In the present study, a comprehensive analysis of the age-related alterations in both mechanical and neuromuscular factors was conducted for the first time in both sexes with acceptable to excellent reliability for the variables of interest. The study revealed that both mechanical and neuromuscular properties were reduced with age, although with some peculiar sex-related differences especially in relation to muscle strength.

MVIC and RTD

As expected, young participants were stronger than older participants both for knee extension and flexion. In accord with previous studies (Lindle et al. 1997; Akima et al. 2001; Ditroilo et al. 2010), a lower maximal strength during knee extension and flexion was observed in the elderly people with a more evident age-related decline detected in males compared with females. Ageing has been also reported to be associated with decrease in the explosive power output (De Vito et al. 1998; Macaluso and De Vito 2003). When considering the same muscle group, a diminution in the ability to rapidly produce force seems to occur to a greater extent than a diminution in muscle strength. Indeed, in the present study, older participants exerted a slower contractile RTD for KE in comparison to young participants with a more pronounced decline in males than females. Loss of muscle mass is likely the most significant factor contributing to the different age-related declines for MVIC and RTD observed in OM compared to OF. Janssen et al. (2000) have shown that males are characterized with greater muscle mass than females with greater loss of muscle mass with ageing. It is well known that contractile RTD is strongly related with MVIC (Klass et al. 2008; Andersen et al. 2010); hence, presumably the different declines in males and females with advanced age are due to the greater absolute forces exerted by the YM than YF. The results of the present study have shown when RTD was expressed as %MVIC/s, there was no difference between young and older males and females, which would support previously published findings (Kent-Braun and Ng 1999; Thompson et al. 2014). Moreover, our results are comparable with the results of previous studies which have examined the age-related decline in maximal (i.e. MVIC) and rapid (i.e. RTD/rate of force development RFD) force generation capacity of different lower limb muscles: knee extensors (Ditroilo et al. 2010; Ditroilo et al. 2012), knee flexors (Thompson et al. 2013), ankle dorsi flexors (Klass et al. 2008) and ankle plantar flexors (Thompson et al. 2014). In absolute terms, a reduction in RTD is functionally relevant given that the ability to exert rapid force plays an important role in explosive muscle performance, which is essential for the proper execution of daily living activities, such as maintaining balance and walking ability (Häkkinen et al. 1998b; Aagaard et al. 2002).

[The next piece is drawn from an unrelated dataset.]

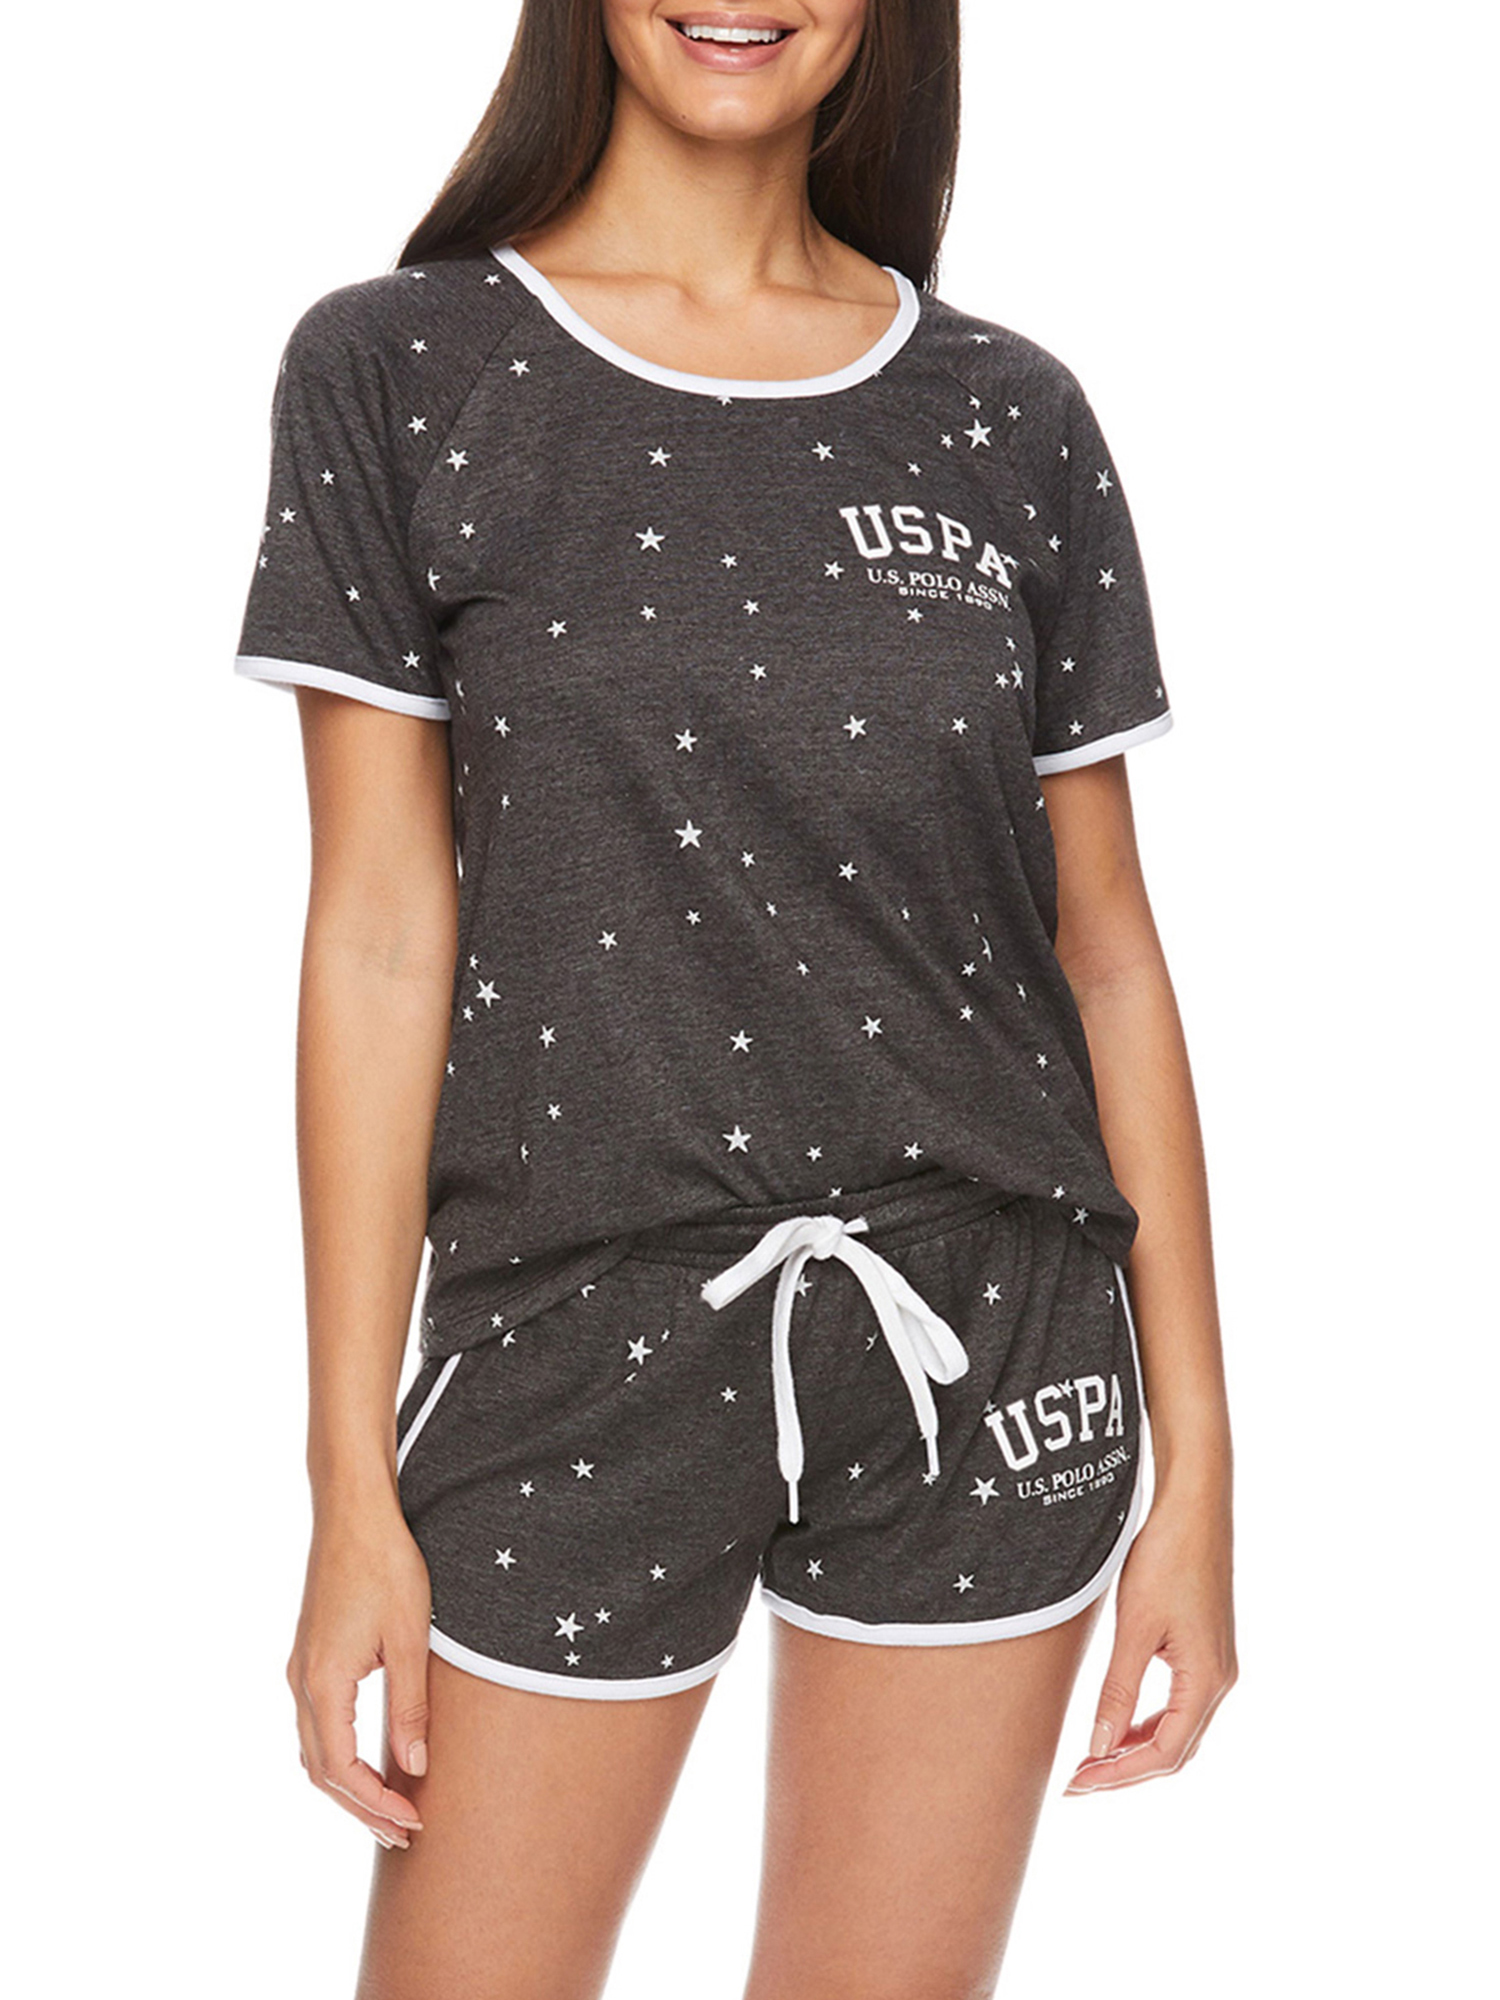 U.S. Polo Assn. Women's 2pc Short Sleeve Scoop-Neck Top and Shorts Lounge Pajama Sleep Set - image 1 of 5

Neural activation (surface EMG)

Loss of maximal and explosive force capability in older adults could also be ascribable to an age-related reduction in the firing frequency of motor units (MUs) and/or the number of recruited MUs (Brown et al. 1988; Doherty et al. 1993). It is clear that the surface EMG analysis does not allow for discrimination among the different factors potentially causing these neuromuscular alterations. However, it is reasonable to suggest an age-related decrement in neural activation based on observed relatively lower RMS and MDF of the surface EMG measured in the older compared to young participants which is in agreement with previous studies (Tracy and Enoka 2002; Bazzucchi et al. 2004; Billot et al. 2014). In particular, the lower MDF found during KE MVIC, in our older participants, is likely due to a decrement in the muscle fibre conduction velocity (Kupa et al. 1995; Merletti et al. 2002; Bazzucchi et al. 2004). This may potentially reflect a change in muscle fibre type towards a greater proportion of muscle fibre I types (Merletti et al. 2002). Another factor that can result in reduction in muscle strength relates to the possibility that OM and OF were not able to fully voluntarily activate their MU pool (Yue et al. 1999). On the other hand, when proper methodology is adopted and visual feedback is provided (as in the present study), healthy older individuals in their 6th and 7th decades should be able to fully activate their musculature as previously detailed (Macaluso and De Vito 2004). In addition, our study also showed that age has an equal effect in male and female participants for MDF and EMG RMS VL activation suggesting that age-related deteriorations in MUs activation were not sex dependent.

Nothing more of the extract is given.